Pada ayat ini pula Allah menyebutkan wanita secara khusus sebagai peringatan terhadap kebiasaan tercela kaum wanita dalam bergaul. Terdapat riwayat yang melatarbelakangi turunnya ayat ini ialah berkenaan dengan kisah Shafiyah binti Huyay bin Akhtab yang pernah datang menghadap Rasulullah saw dan melaporkan bahwa beberapa wanita di Madinah pernah menegur dia dengan kata-kata yang menyakitkan hati, seperti: “Hai perempuan Yahudi,Keturunan Yahudi dan sebagainya”, sehingga Nabi saw bersabda kepadanya, “Mengapa tidak engkau jawab saja, ayahku Nabi Harun, pamanku Nabi Musa, dan suamiku adalah Muhammad.”
Dalam ayat 10 Allah SWT memperingatkan kaum mukmin supaya jangan saling mengolokkan karena boleh jadi kaum yang diperolok-olokkan pada sisi Allah jauh lebih mulia dan terhormat dari mereka yang mengolok-olokkan dan kaum wanita pun jangan saling mengolokkan karena boleh jadi wanita yang diperolok-olokkan pada sisi Allah lebih baik dari wanita yang mengolok-olokkan.Kemudian Allah SWT melarang kaum mukmin mencela diri mereka sendiri karena mereka bagaikan satu tubuh yang diikat dengan persatuan.

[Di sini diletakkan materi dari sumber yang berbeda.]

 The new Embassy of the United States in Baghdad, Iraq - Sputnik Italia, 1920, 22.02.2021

Dilarang pula panggil-memanggil dengan gelar yang buruk seperti panggilan kepada seseorang yang sudah beriman dengan kata-kata : hai fasik,kafir,dsb. Panggilan yang buruk dilarang diucapkan karena gelar-gelar buruk itu dapat mengingatkan kefasikan setelah beriman. Barang siapa tidak bertaubat dari memanggil dengan gelar-gelar buruk maka akan menerima konsekuensi dari Allah berupa azab pada Hari Kiamat.

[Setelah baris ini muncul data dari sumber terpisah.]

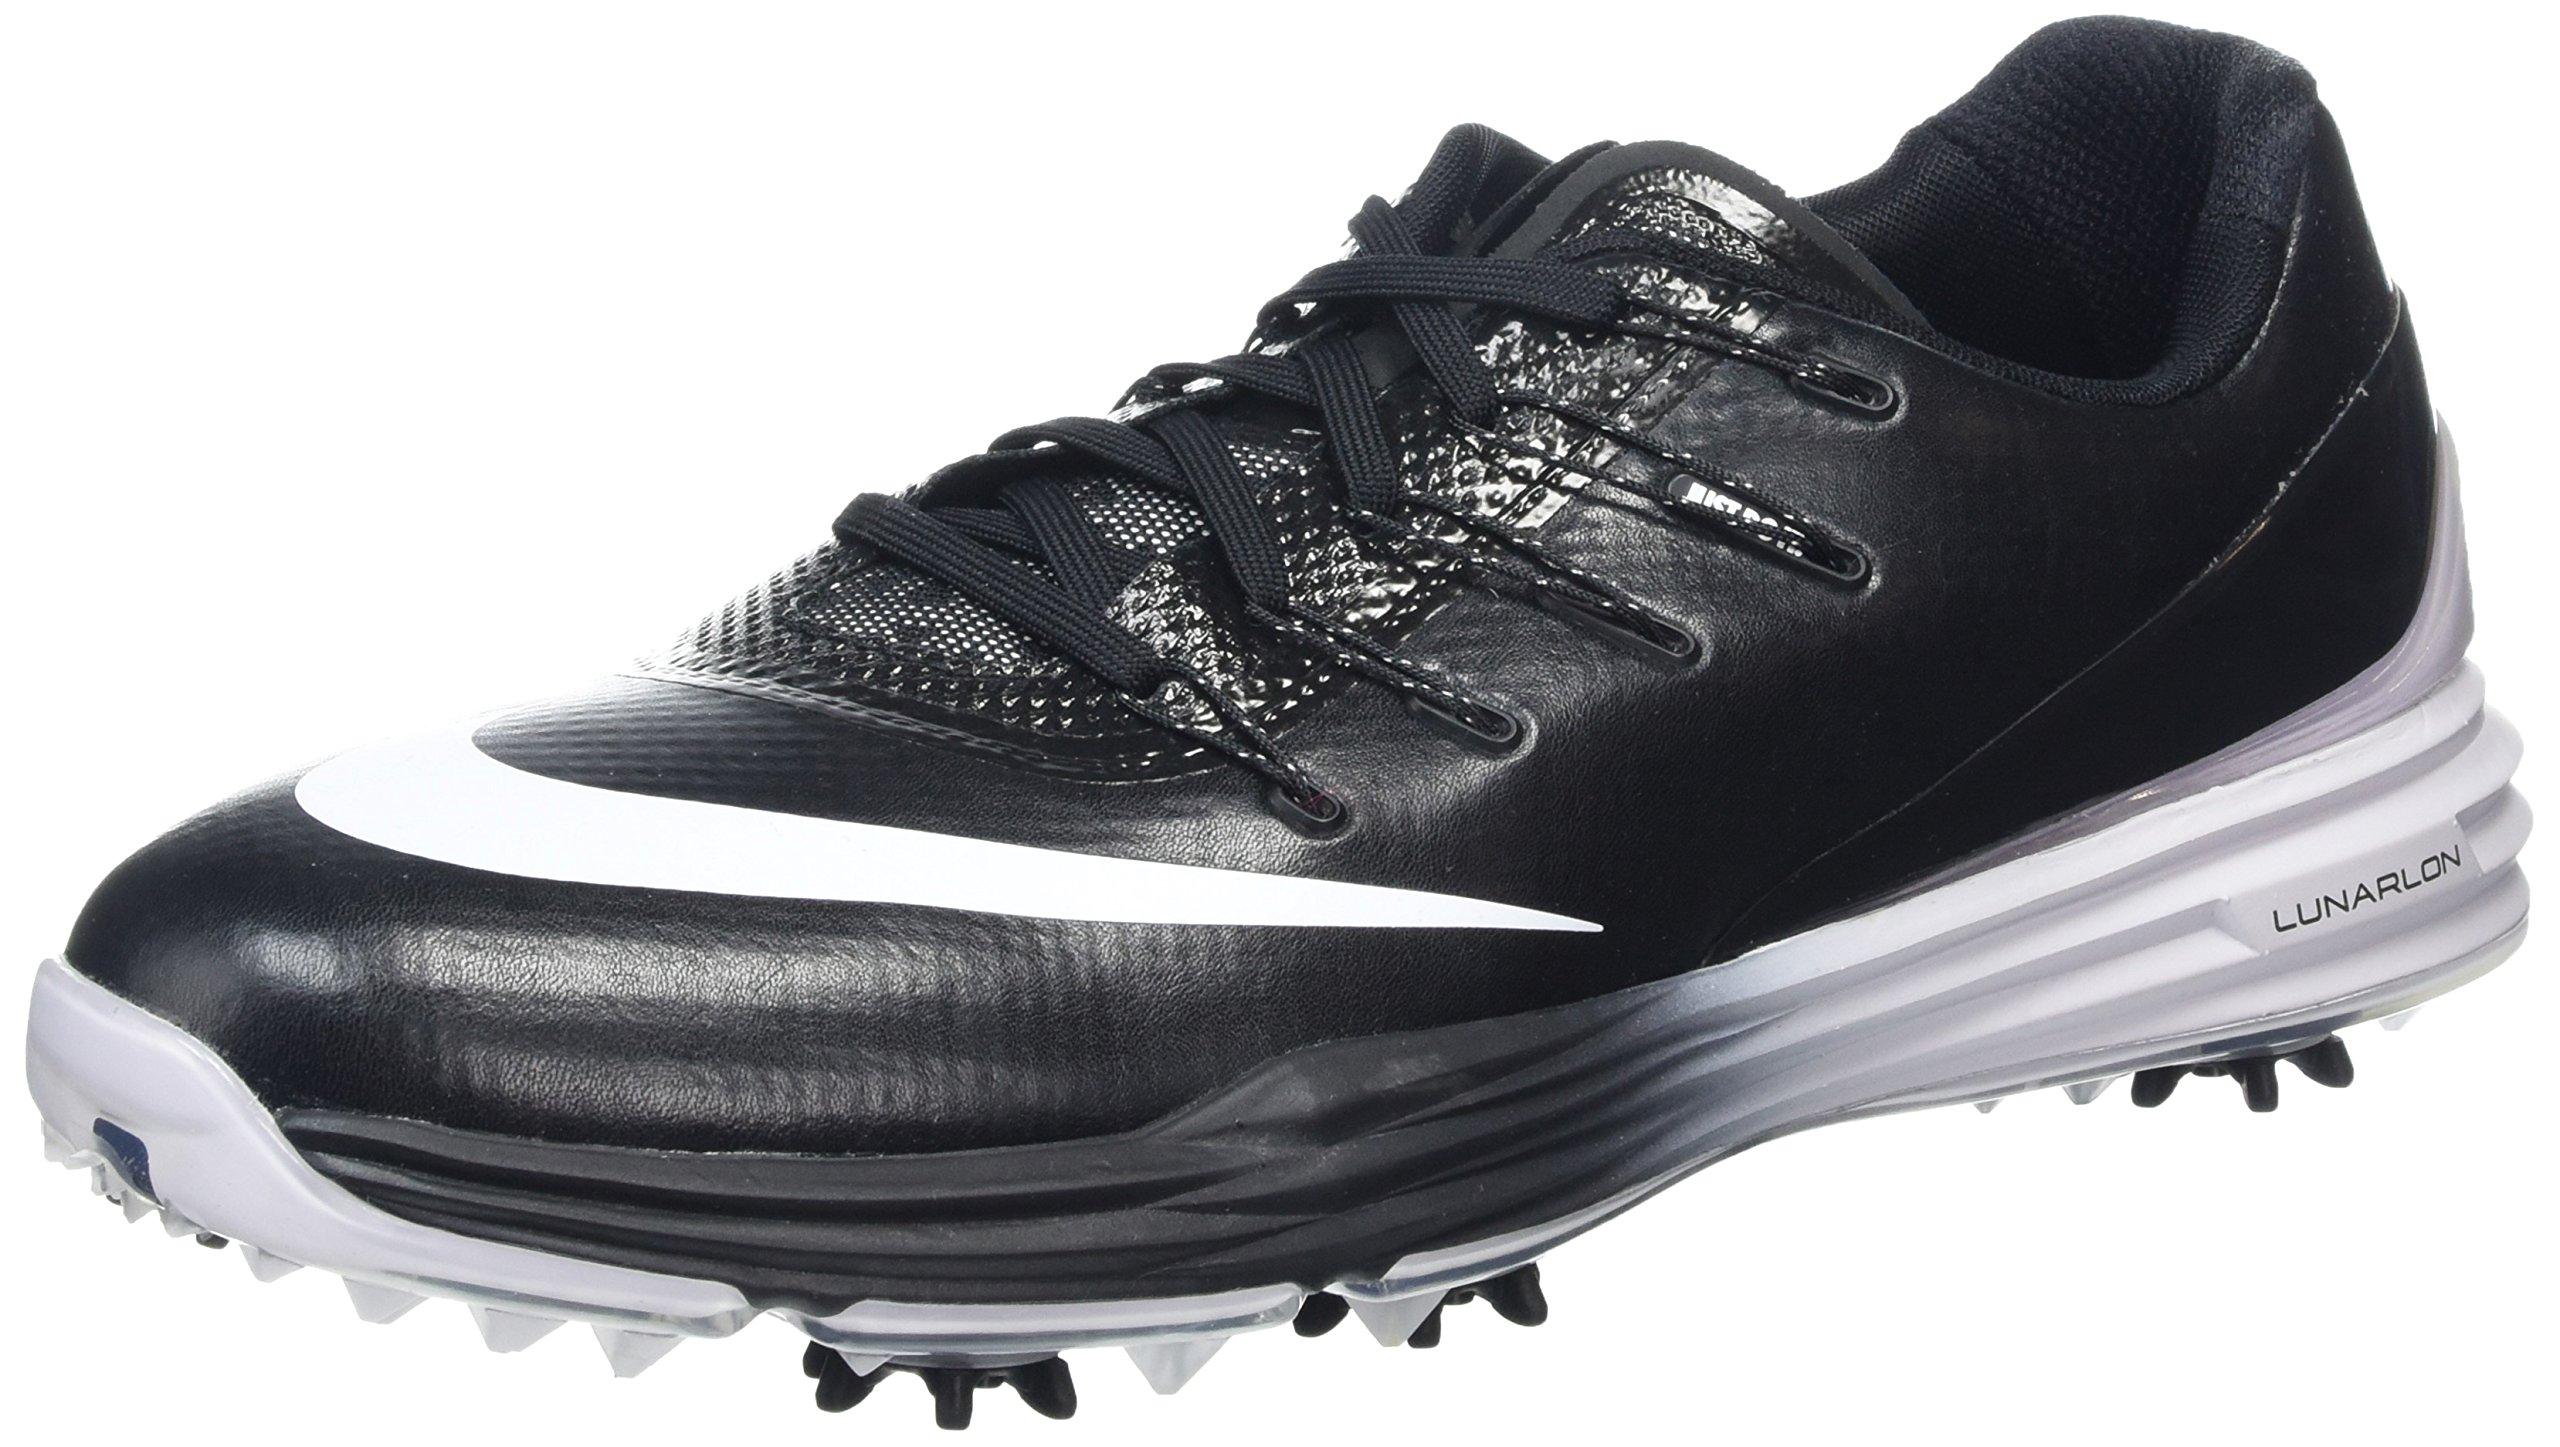 NIKE Lunar Control 4 Men's Golf Shoe (Black/White) 10

Dalam ayat 12 Allah SWT memberi peringatan kepada orang-orang yang beriman, supaya mereka menjauhkan diri dari su’uzhan / prasangka buruk terhadap orang-orang beriman. Jika mereka mendengar sebuah kalimat yang keluar dari saudaranya yang mukmin maka kalimat itu harus diberi tanggapan dan ditujukan kepada pengertian yang baik, jangan sampai timbul salh paham, apalagi menyelewengkannya sehingga menimbulkan fitnah dan prasangka. Kemudian Allah SWT menerangkan penyebab wajibnya orang mukmin menjauhkan diri dari prasangka yaitu karena sebagian prasangka itu mengandung dosa.
Allah melarang pula ghibah,namimah, dan mencari-cari aib orang lain. Mengenai definisi ghibah, Rasulullah saw bersabda, “Ghibah ialah engkau menceritakan saudaramu tentang sesuatu yang ia benci. “Si penanya kembali bertanya, “Wahai Rasulullah, bagaimana pendapatmu bila yang diceritakannya itu benar ada padanya? “Rasulullah menjawab, “Kalau memang benar ada padanya, itu ghibah namanya. Jika tidak benar engkau berbuat buhtan (dusta).”(HR.Muslim,Tirmizi,Abu Daud, dan Ahmad). Sedangkan namimah dapat dibagi menjadi hamz (mencaci maki) dan lamz (mencela).(QS.Al-Humazah: 1)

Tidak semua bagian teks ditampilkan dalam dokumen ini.